/rna-quick

Differential gene, transcript, exon, and splice junction testing framework. (pre-alpha)

Primary LanguageR

Overview

RNA Quick is a pipeline for rapid analysis of gene and transcript quantification and differential expression. Given 1) FASTQ files for one or more samples partitioned between one or more experimental conditions, and 2) a metadata file describing the samples, the following steps are performed:

  1. If necessary, download the reference genome (default: GRCh37) and annotation catalogue (default: GENCODE v19); existing files can be used instead if available.
  2. Generate the transcriptome FASTA using bedtools.
  3. Build a transcriptome index using Kallisto.
  4. Perform initial quantification. By default, only the first 1M reads from each sample are used.
  5. Isoform filtering: based on the suggestions in Soneson et al. (2016), the annotation catalogue is filtered to exclude isoforms with relative abundance less than a threshold value (default: 0.1) in all conditions. For example, if gene X has 3 isoforms with relative abundance (0.7,0.25,0.05) and (0.92,0.07,0.01) in the two conditions being tested, isoform 3 would be excluded because its relative abundance is < 0.1 in both conditions.
  6. Generate a new Kallisto index using the filtered annotation catalogue.
  7. Perform transcript quantification of all samples using Kallisto.
  8. Perform differential transcript expression testing using Sleuth.
  9. Aggregate transcript counts into gene counts using tximport.
  10. Perform differential gene expression analysis using DESeq2.

Limitations

RNA Quick currently has the following limitations:

  • Only works with paired-end libraries
  • All reads for each library must be in two files - one for each read end, e.g. sample_1.fq.gz and sample_2.fq.gz

Installation

RNA Quick is implemented as a NextFlow pipeline and uses Docker containers to run all software packages. Follow the NextFlow installation instructions here: http://www.nextflow.io/.

Running RNA Quick

1. Prepare the metadata file

The metadata file is a tab-delimited file (default name: libraries.txt) describing the sequencing data to be processed. It has the following columns:

  1. UniqueID: A unique identifier for the sequencing library.
  2. SourceID: Identifier for the source material from which the sequencing library was derived; this is to identify technical replicates derived from the same source material.
  3. All remaining columns are treated as phenotypes. These can either be experimental conditions or covariates to be included in the expression model. By default, the column named "Condition" will be used as the experimental condition to test for differential expression; if this behavior is not desired, or if there is more than one model to be tested, the models should be defined in the configuration.

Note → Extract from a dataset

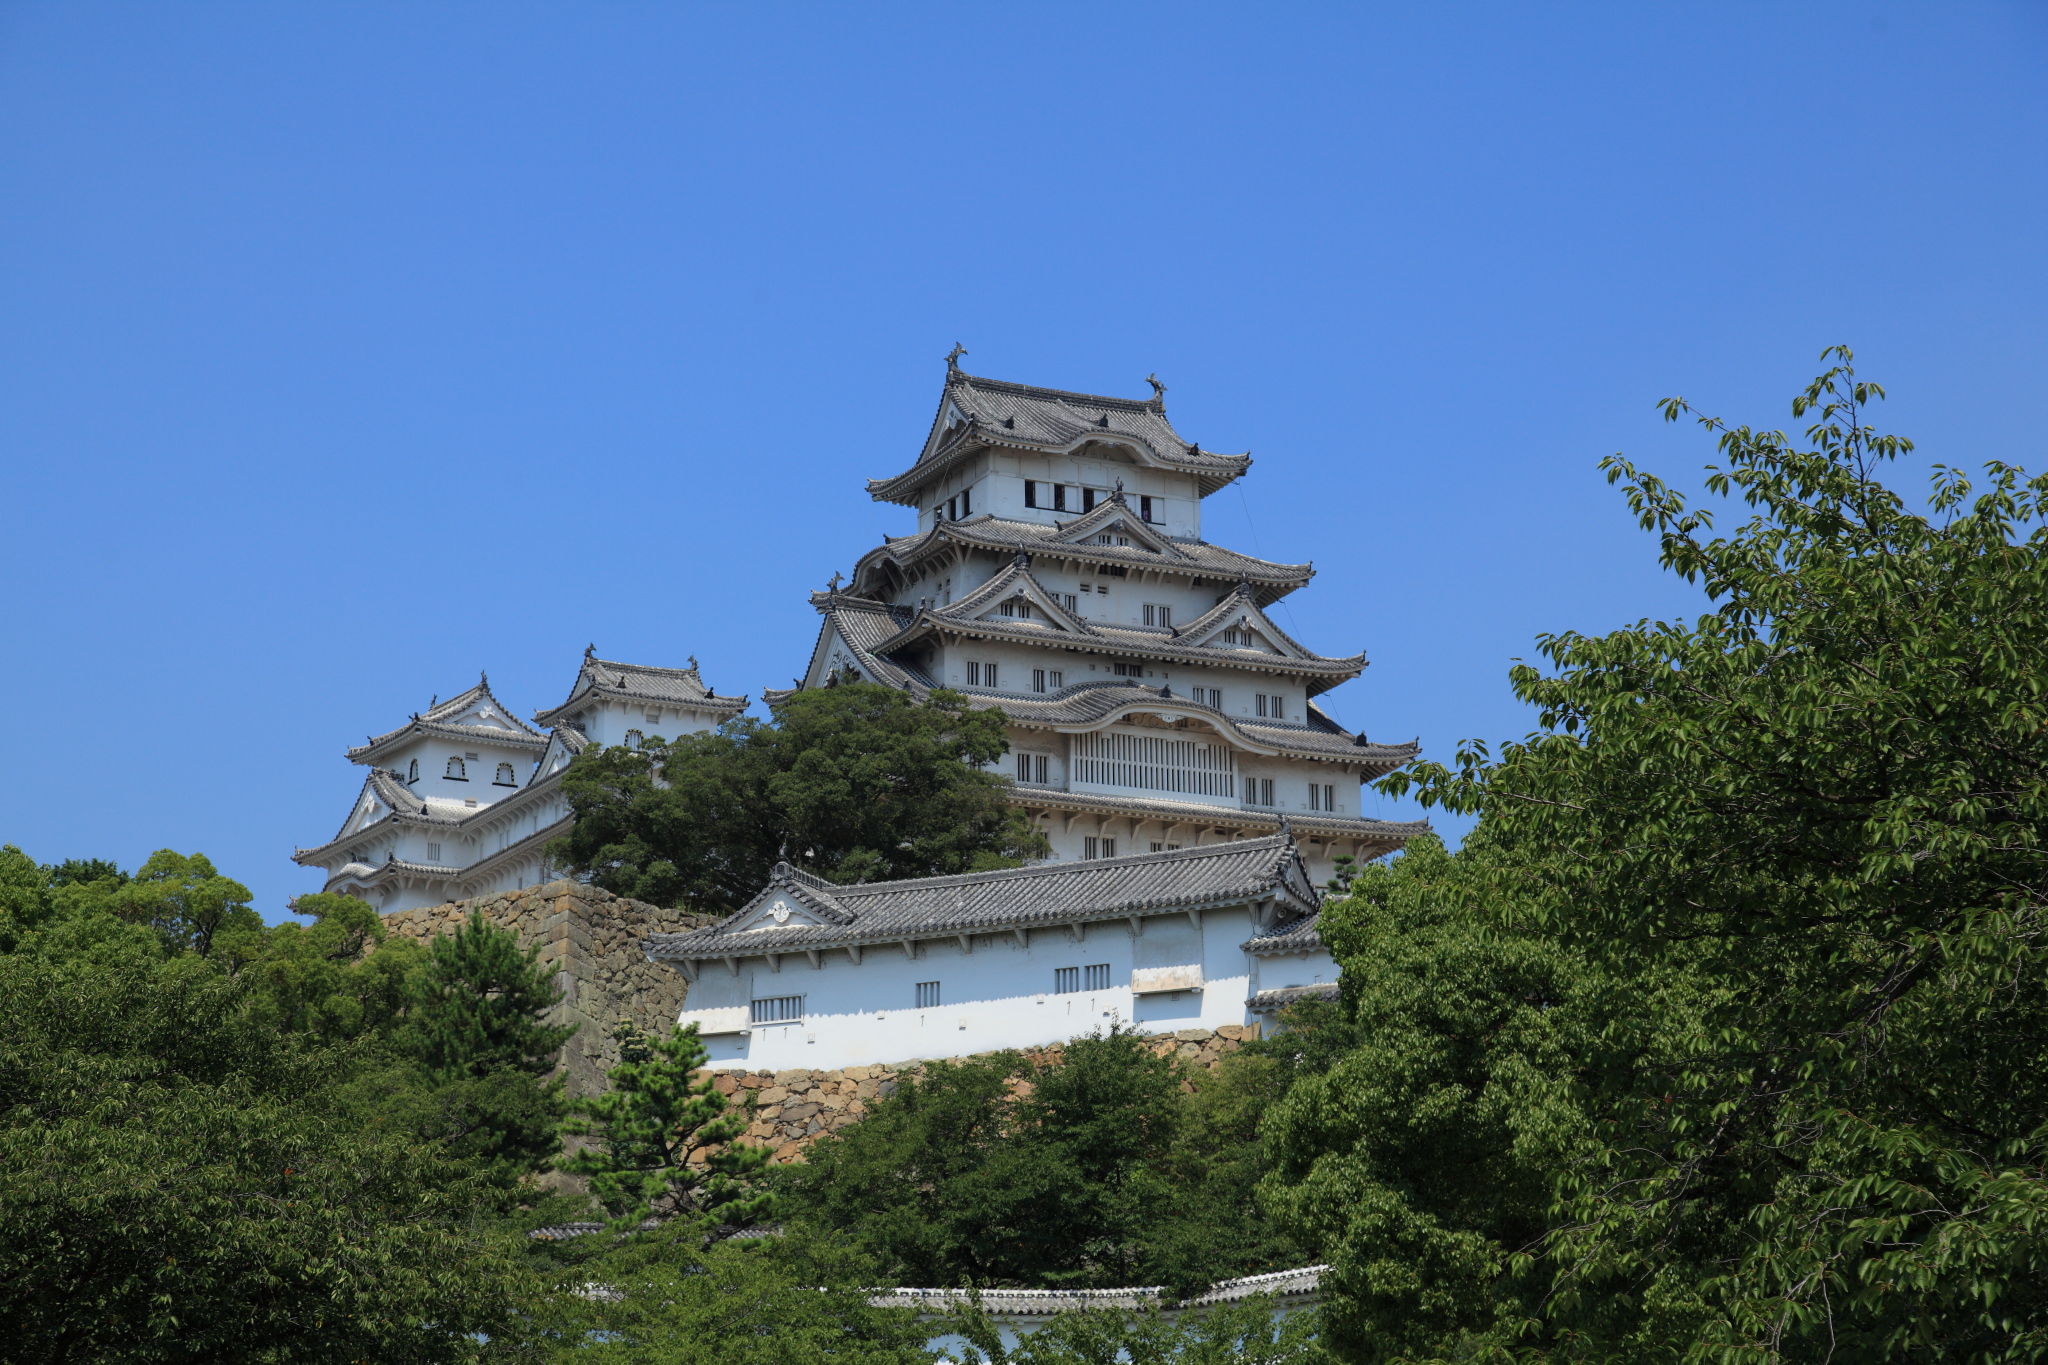 夏の姫路城、定番のアングル

If optional columns are included, then each row must have a valid value.

2. Execution using defaults

From the directory containing your metadata file, run:

nextflow run jdidion/rna-quick

3. Execution using custom configuration

In the same directory that contains your metadata file, create a copy of nextflow.config. Edit the file to change any parameter values, then run the above command. Make sure to publish this config file along with your metadata file, in order to enable others to perform exact replication of your analysis.

Project directory structure

RNA Quick will perform all operations within the working directory (default: current directory).